Наёмник: Глава 10: Ценный урок

Сморок склонился над Корэром, сидевшем у него в каюте, а за спиной нанимателя ходил из угла в угол Ремок, прихрамывая и порой опираясь на стену.

— Какие боги тебя надоумили драку устраивать?

Корэр неохотно ответил, уже жалея, что подумал, будто в это путешествие направила его Судьба, а не злой рок:

— Я стоял, никого не трогал, не взялся бы он меня жизни учить, ничего бы не было, — прогундосил Корэр, зажимая сломаный нос подвернувшейся под руку относительно чистой тряпицей.

Сморок тяжело вздохнул, он понадеялся на колдуна, увидев в том подспорье в непростом деле, а тот оказался очередным невменяемым, какие под конец похода с ним и остались.

— Мы кучи жизней спасаем, так что никакого раздора до конца дела, а там уж хоть переустраивайте друг друга. И ты, Ремок, не смотри так. Ты повинен куда больше парнишки. На кой ляд ты к нему приставать решил?

Ремок хмыкнул:

— Так он трясся, словно девка на ветру. Я уж было подумал неженка, а как тронул, понял что трус. Хотел вразумить, да не рассчитал, что так легко взъярится.

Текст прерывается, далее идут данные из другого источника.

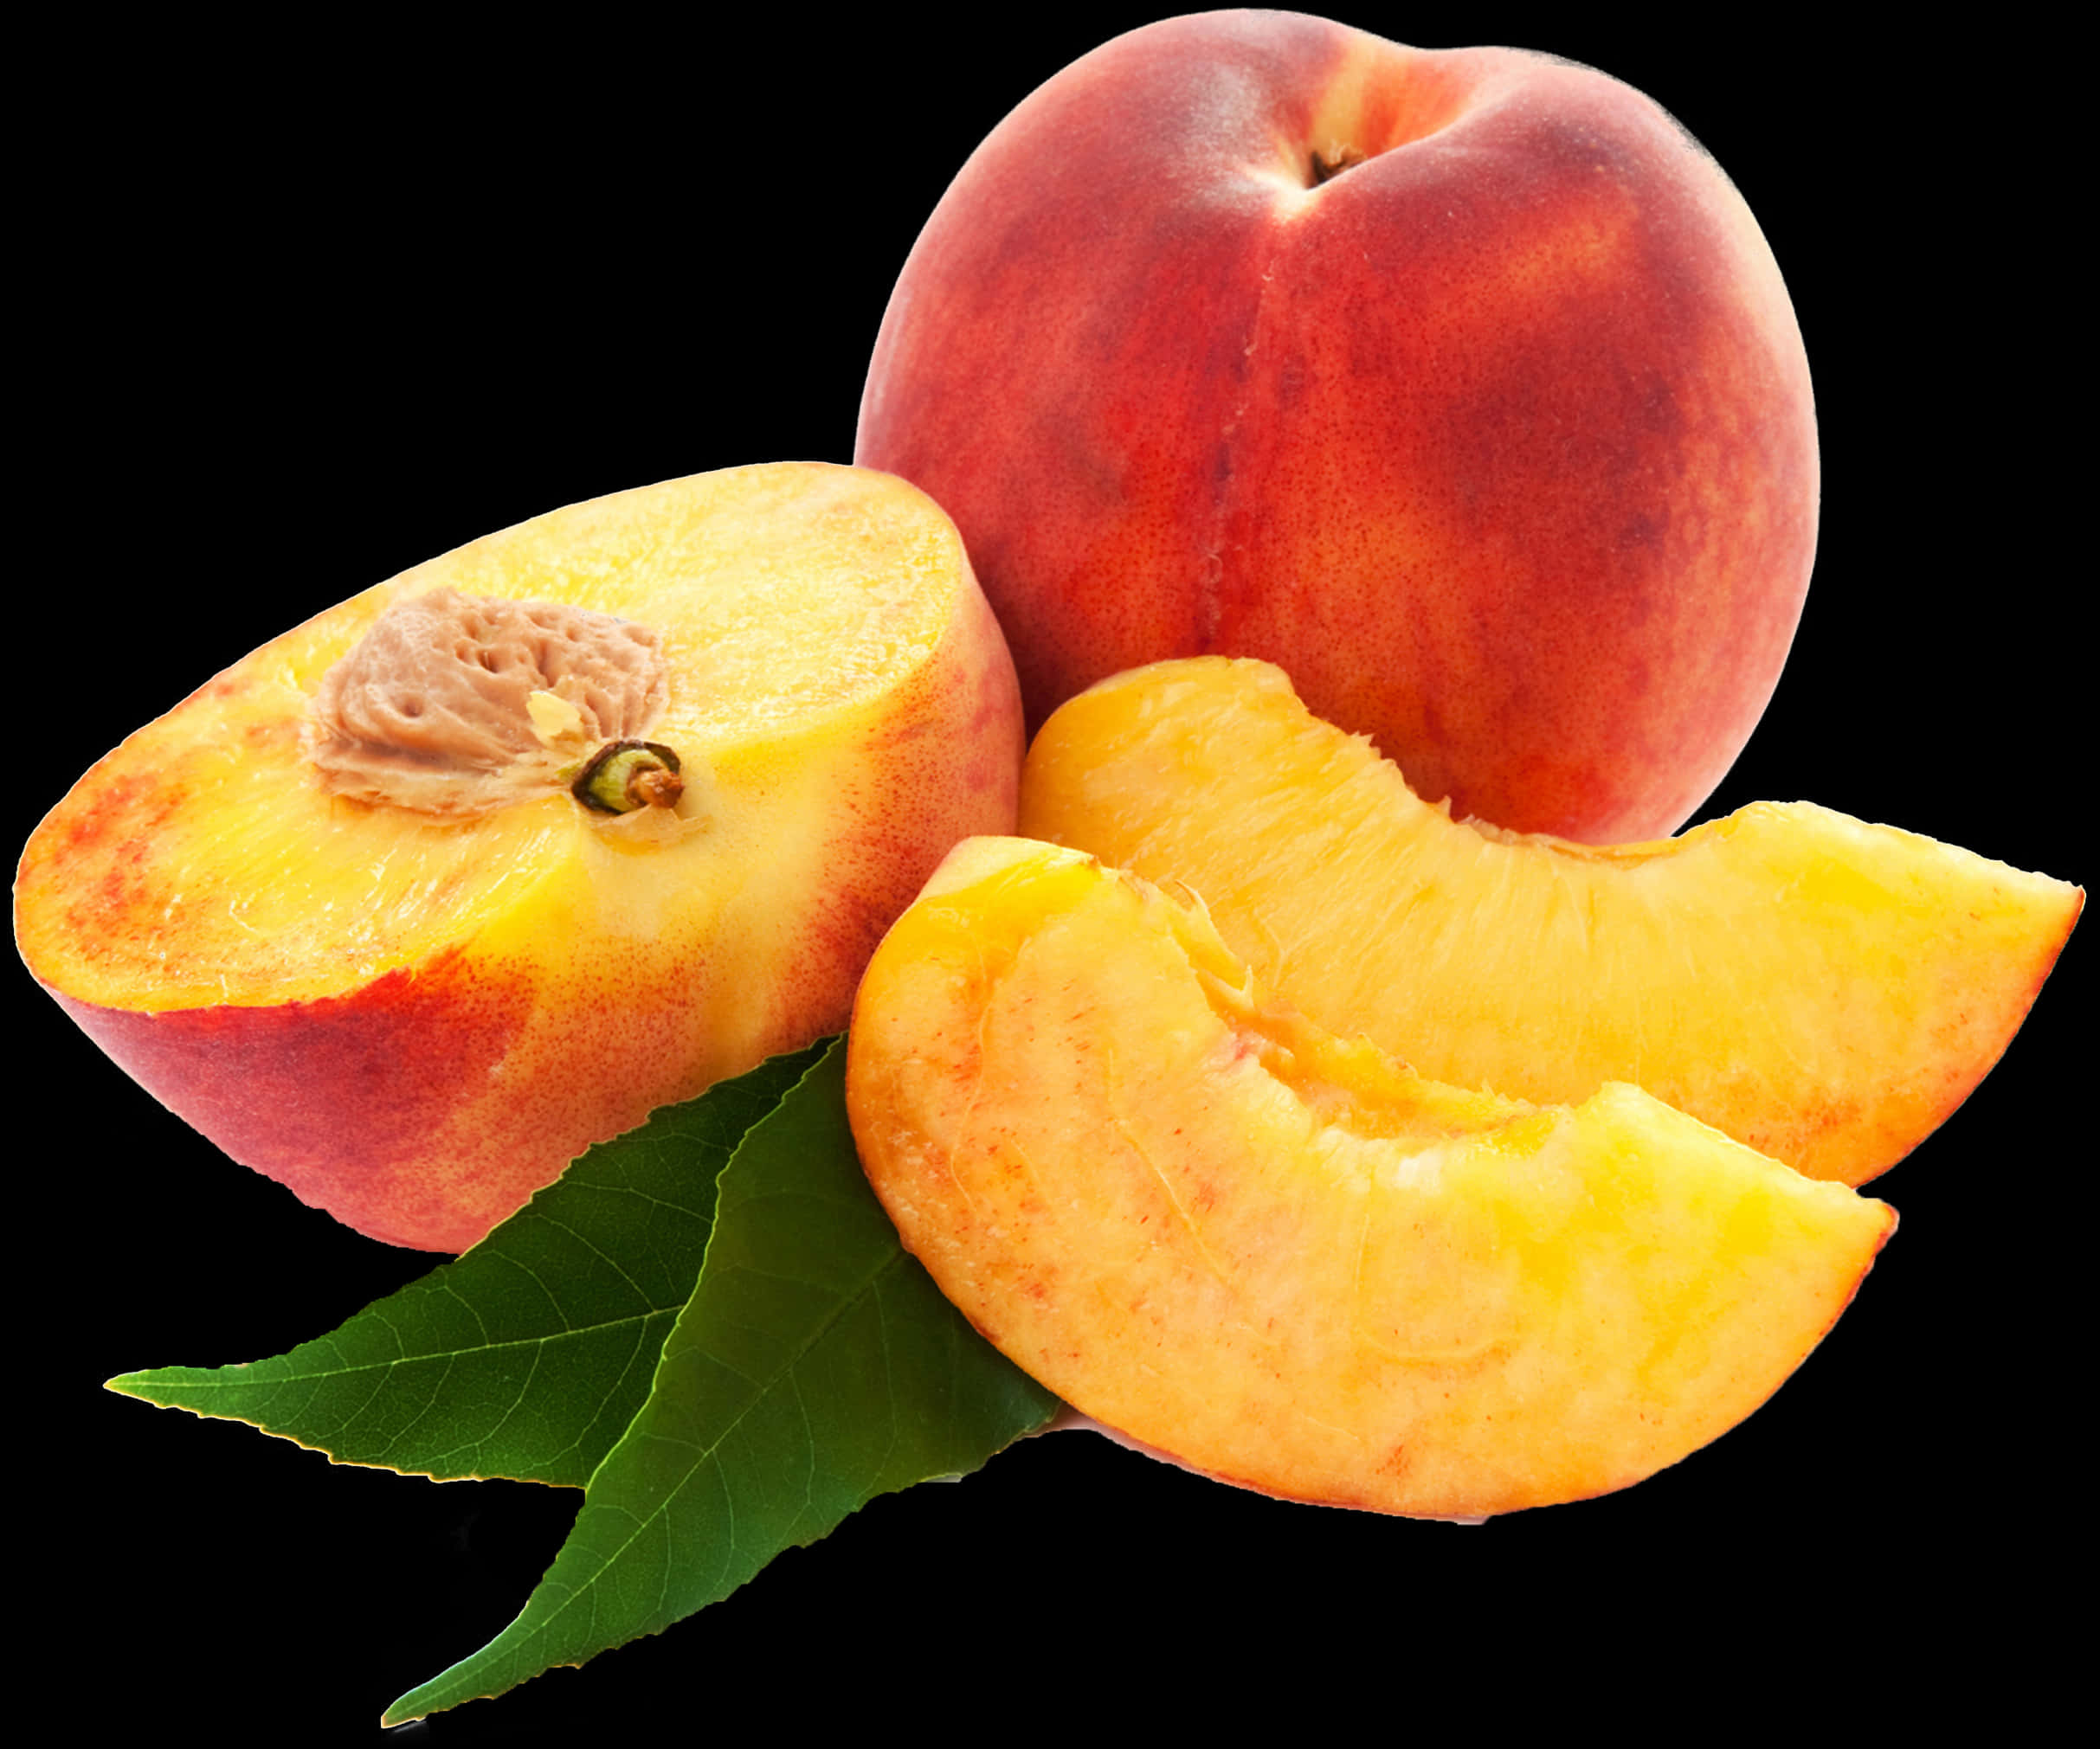 A Peach And A Slice Of Peach

— Вроде здоровый мужик, а как детё малое. Уже и седины голову тронули, да спокойно не живётся. Парня больше не трогай. А теперь вон пошли, оба!

Ремок, послушно поковылял прочь, всё же зря он воспитательные беседы затеял. Как выяснилось, не на всех работает заученный им метод вразумления, да и не всех можно как следует вздёрнут, чтобы разум на место поставить. Разных парней он повидал. Были те, кто вбиваемую им науку принимали, были те, кто пытался огрызаться, но чтобы первыми кинуться, такое впервые. Колдун был либо безбашенным, либо привыкшим, что не отстанут, пока за себя не постоит. И если последнее, то понятно, отчего он был таким отстранённым и озлобленным. Такого не перекроить, не поправить. Но что должно было случиться в жизни ещё совсем малого парня, которого не всякая мать и со двора бы одного пустила, да к тому же явно холенного и лелеянного аристократа, что его характер так покорёженного?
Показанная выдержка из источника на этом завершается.